* _WHAT THE TASK REQUIRES_:
Before you return the lines below, strip out any images and keep every word as written.

* _EXERCISE DATA_:
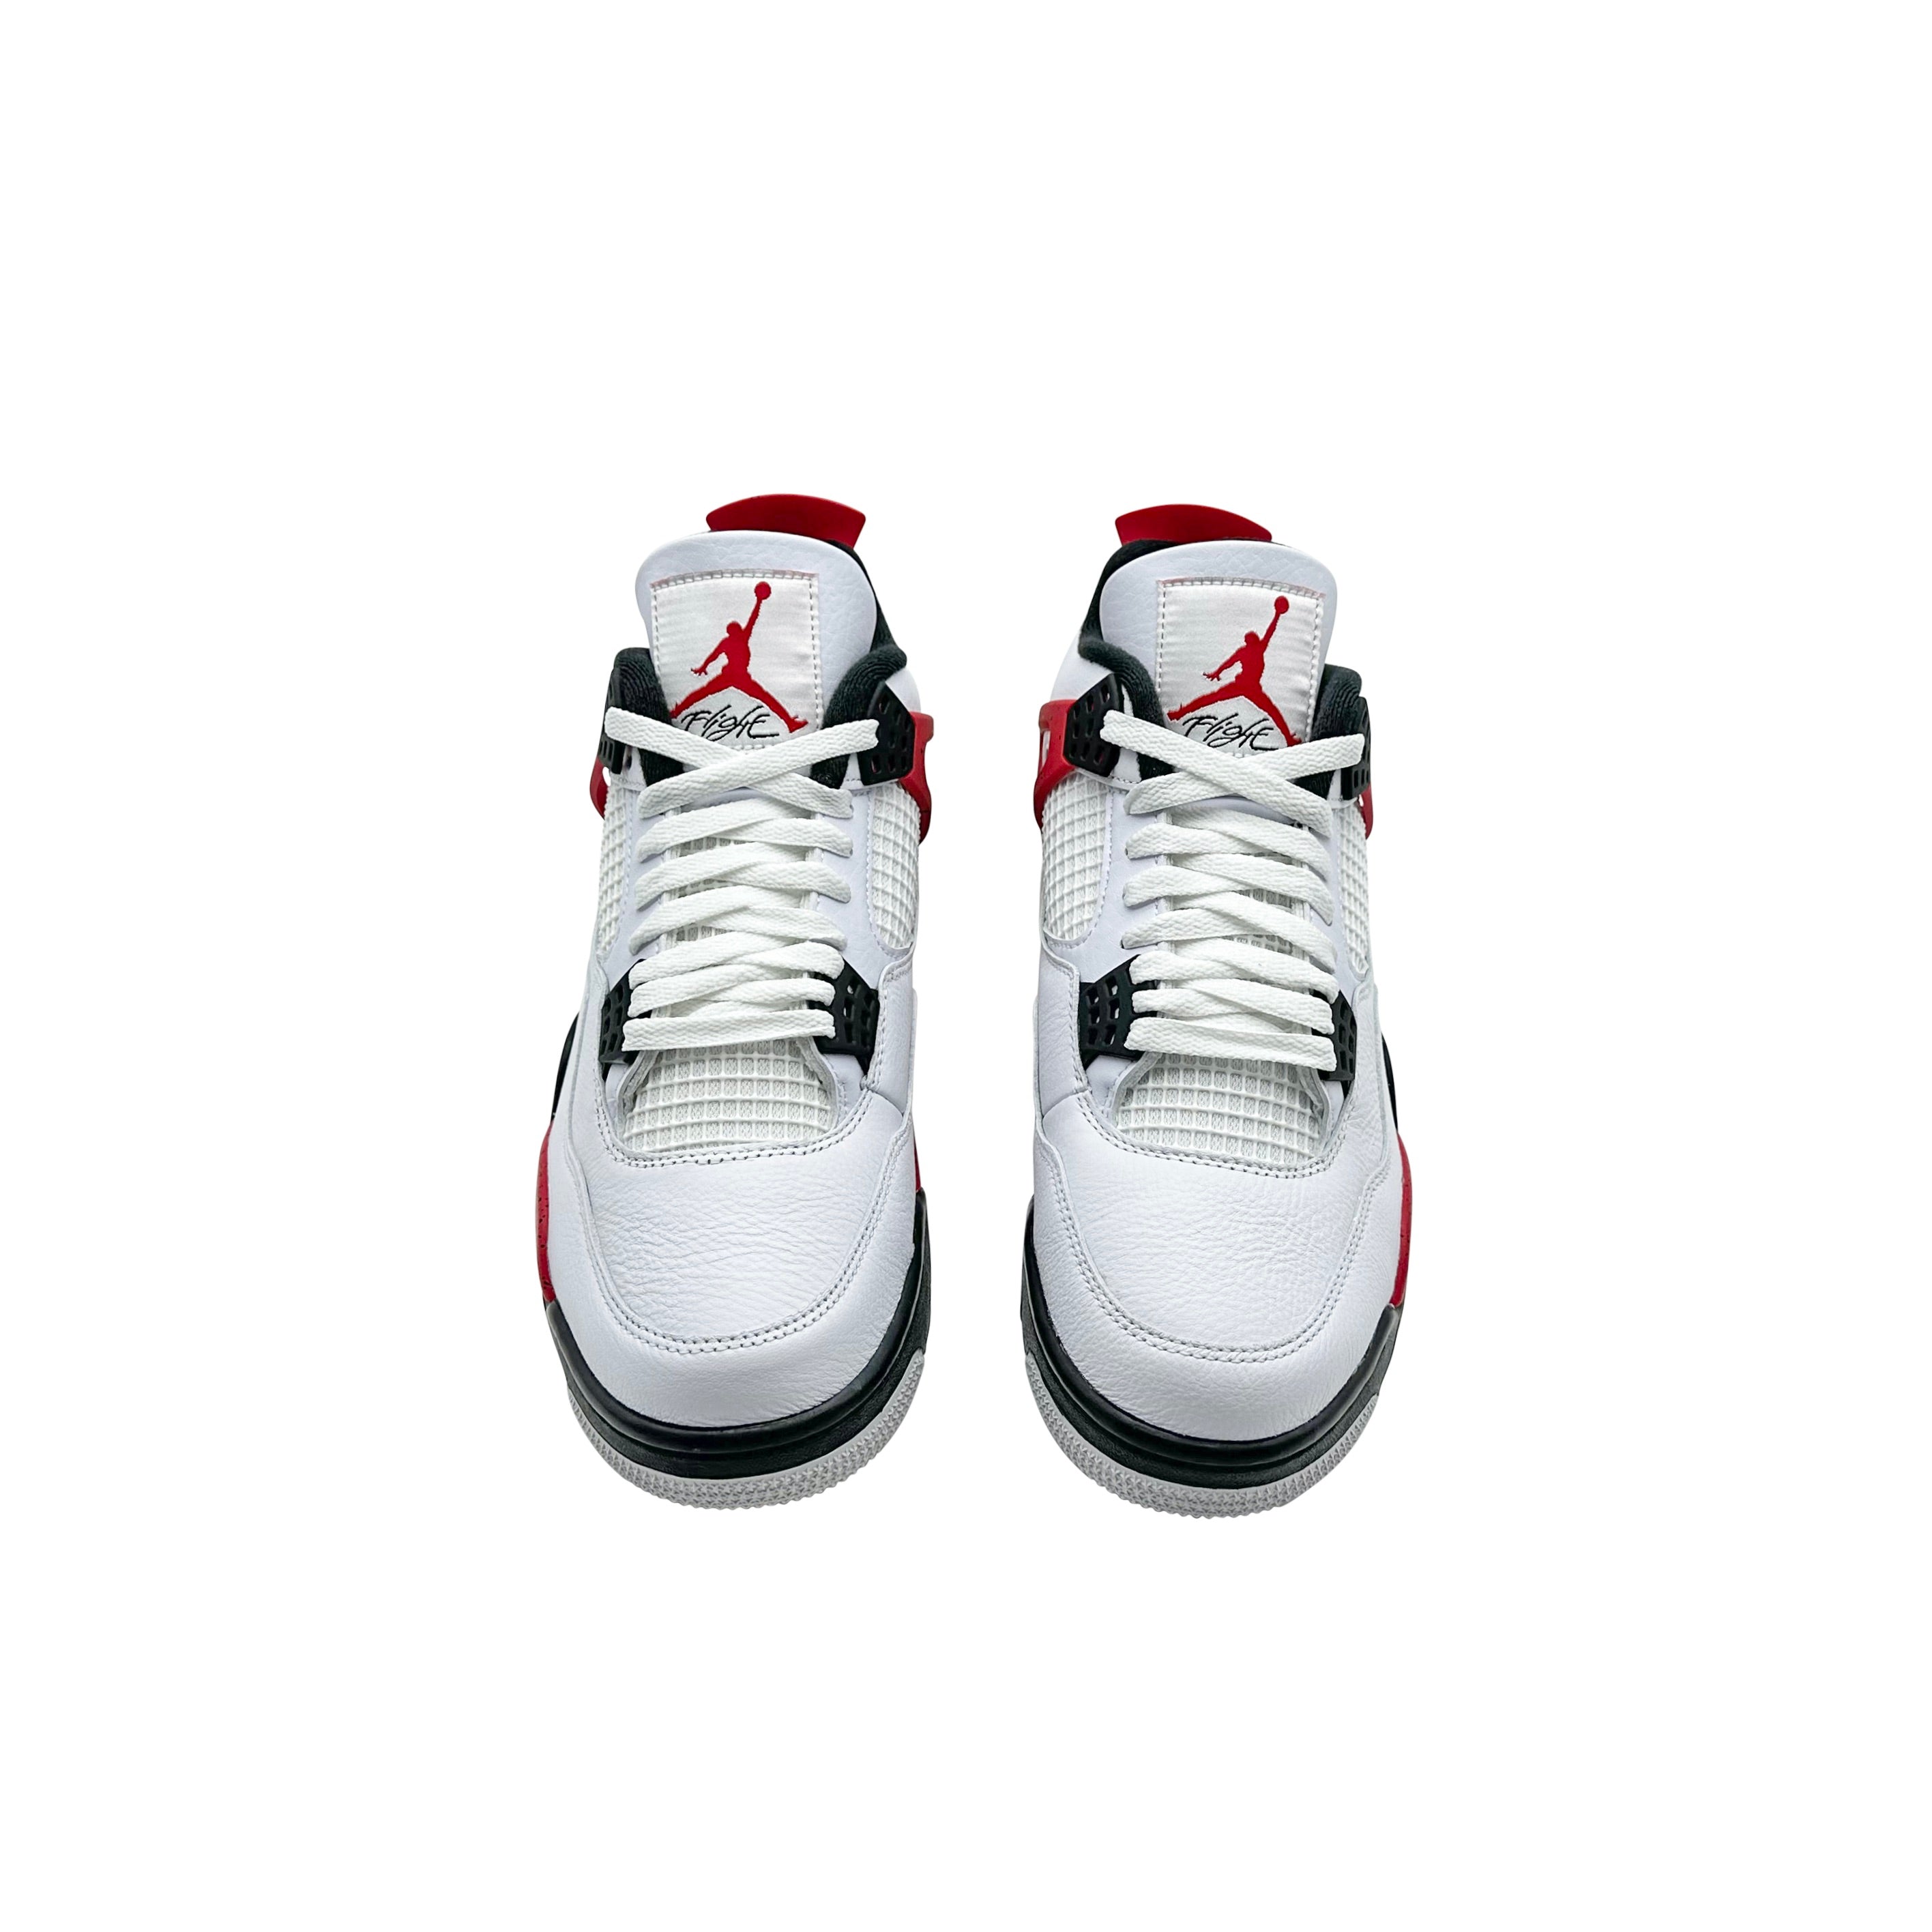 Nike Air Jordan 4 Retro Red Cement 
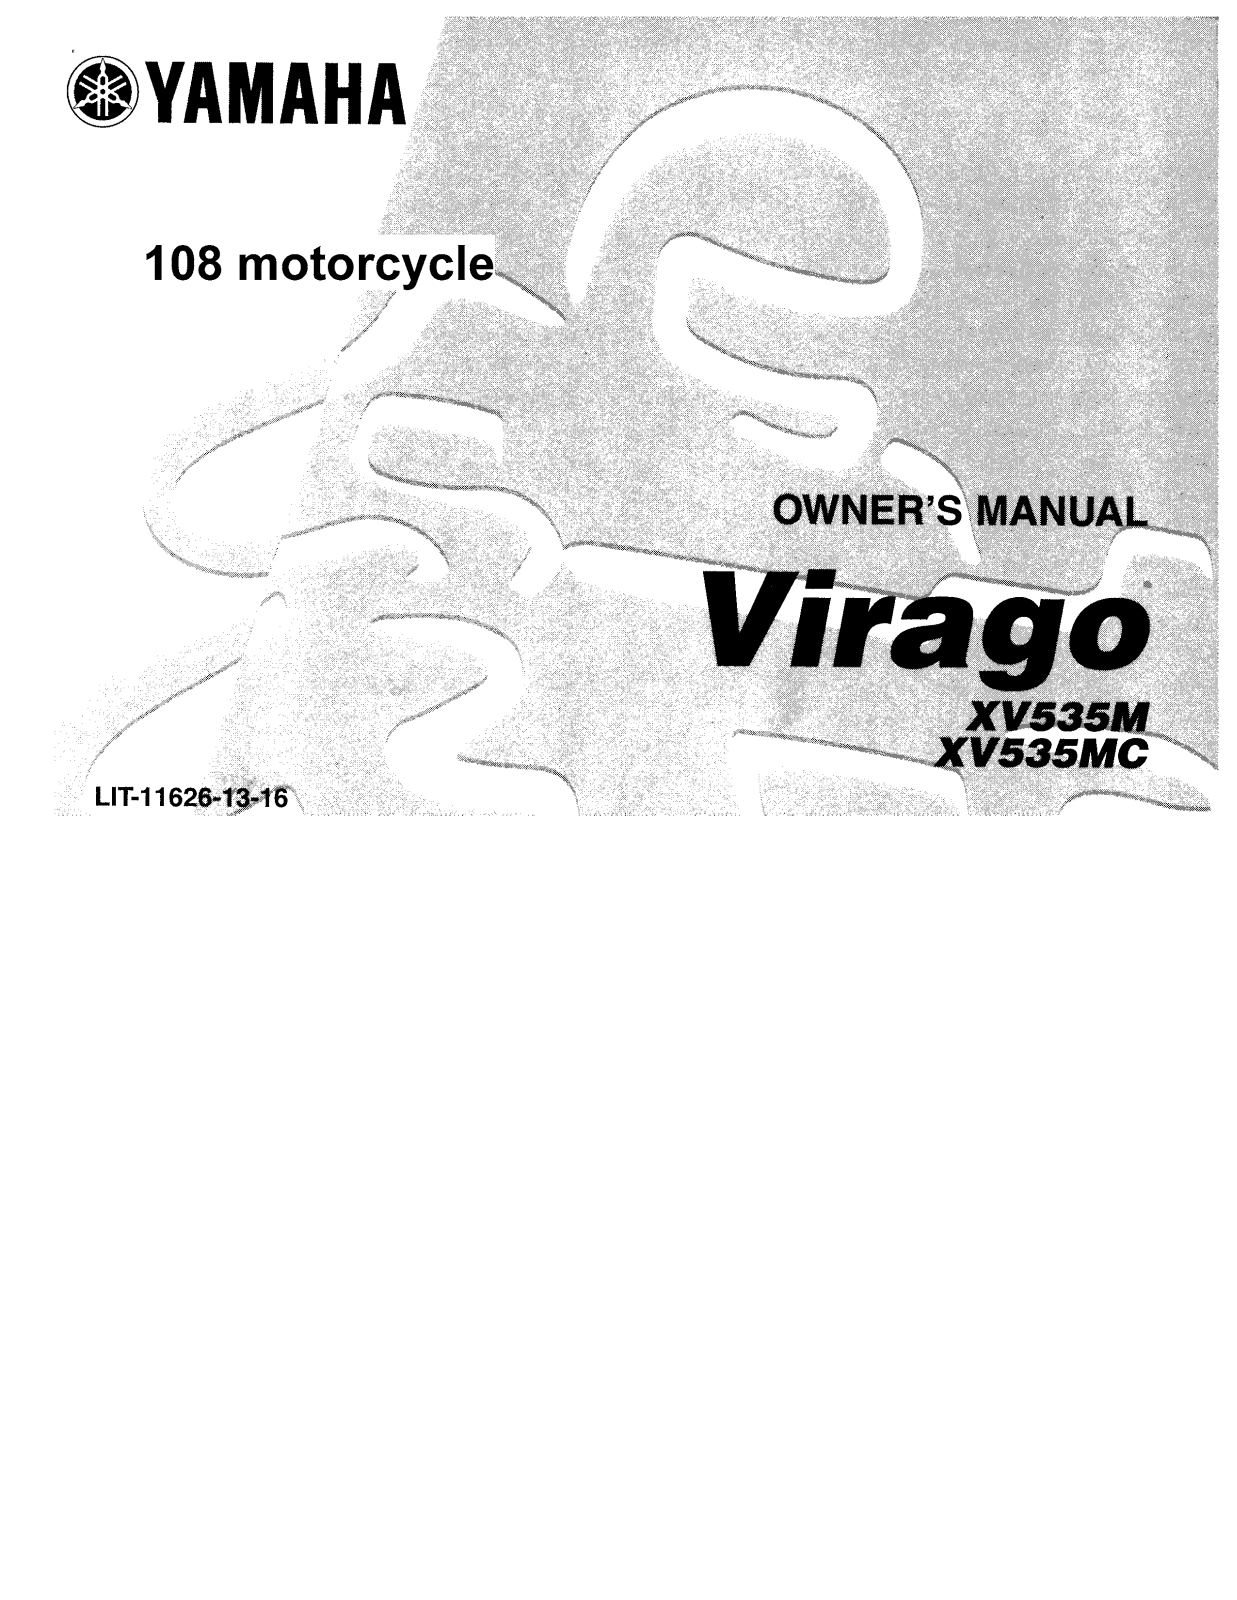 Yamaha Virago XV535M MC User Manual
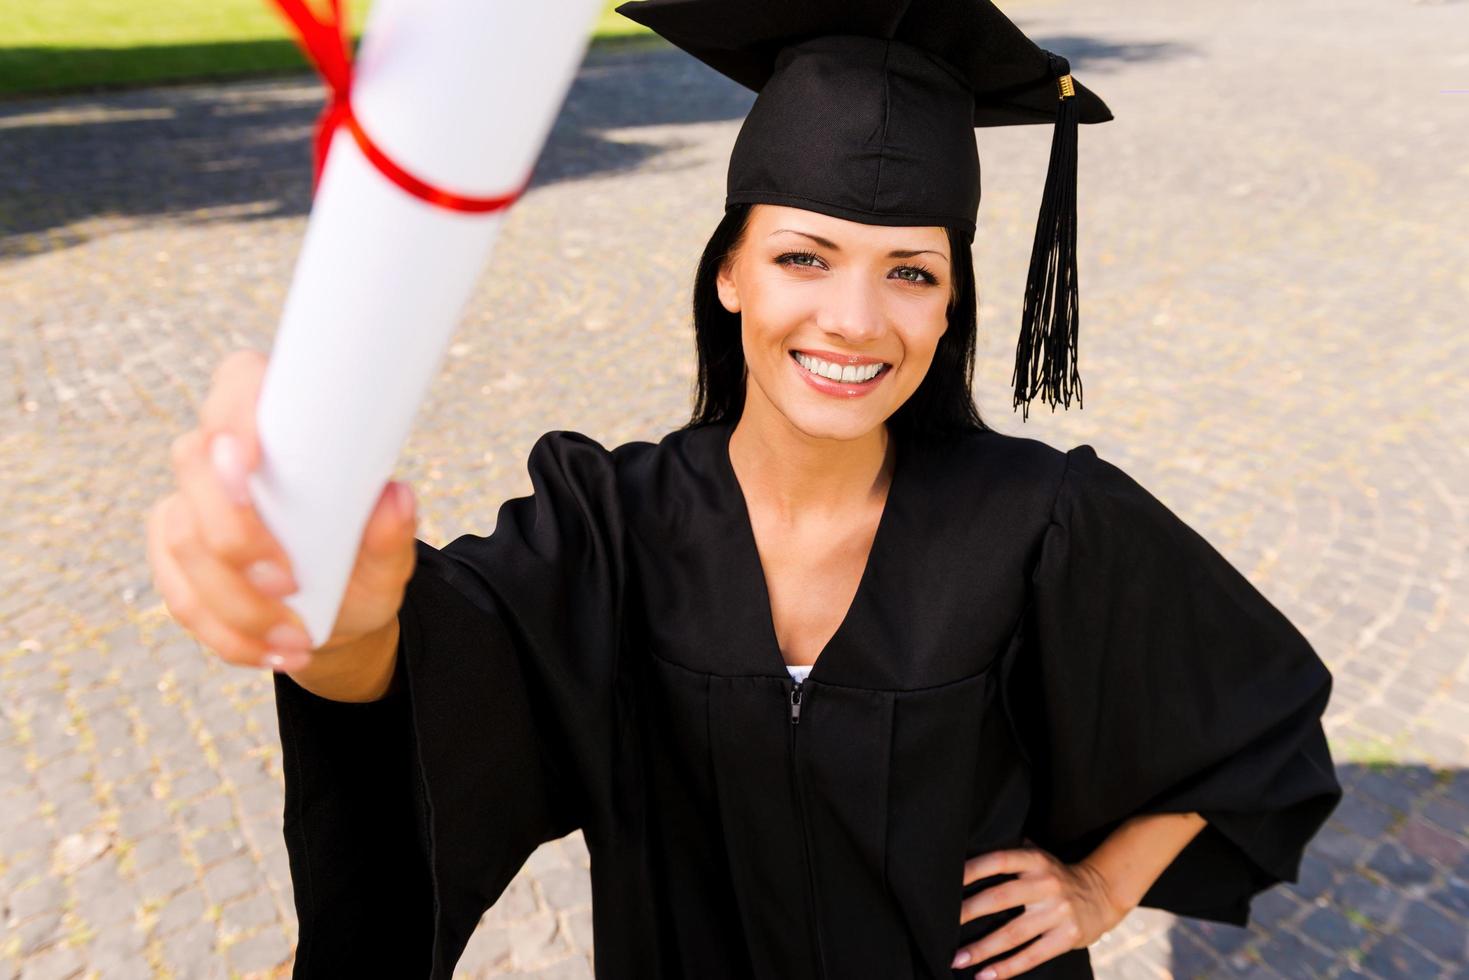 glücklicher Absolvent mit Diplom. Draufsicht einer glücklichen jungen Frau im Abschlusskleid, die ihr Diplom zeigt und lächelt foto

* _TASK RESULT_:
 Nike Air Jordan 4 Retro Red Cement 
 Yamaha Virago XV535M MC User Manual
 glücklicher Absolvent mit Diplom. Draufsicht einer glücklichen jungen Frau im Abschlusskleid, die ihr Diplom zeigt und lächelt foto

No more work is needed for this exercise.